**Records supplied**
☆ ☆ ☆ ☆ ☆
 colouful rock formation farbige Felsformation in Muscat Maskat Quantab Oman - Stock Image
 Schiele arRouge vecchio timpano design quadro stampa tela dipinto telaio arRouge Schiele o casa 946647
☆ ☆ ☆ ☆ ☆
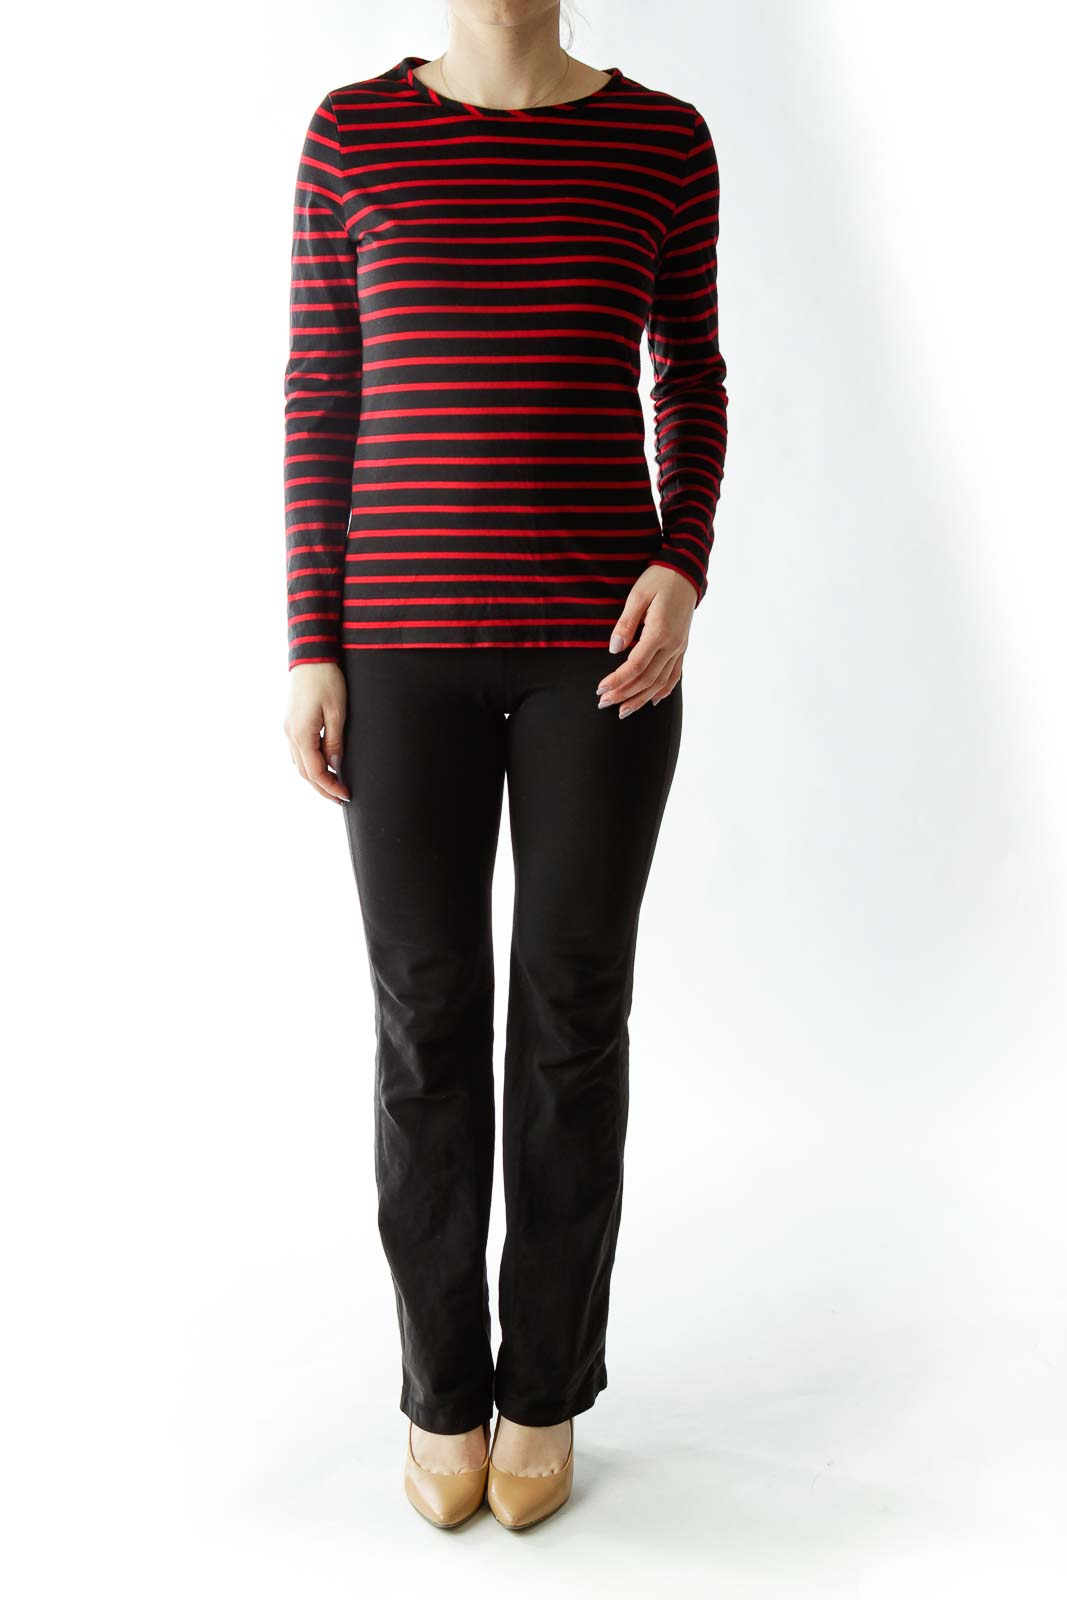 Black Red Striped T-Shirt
☆ ☆ ☆ ☆ ☆
**Problem details**
Output should match, line for line, the stretch of the material above from the line holding "colouful rock formation" through the line holding "Schiele arRouge vecchio".

**Answer to the exercise**
 colouful rock formation farbige Felsformation in Muscat Maskat Quantab Oman - Stock Image
 Schiele arRouge vecchio timpano design quadro stampa tela dipinto telaio arRouge Schiele o casa 946647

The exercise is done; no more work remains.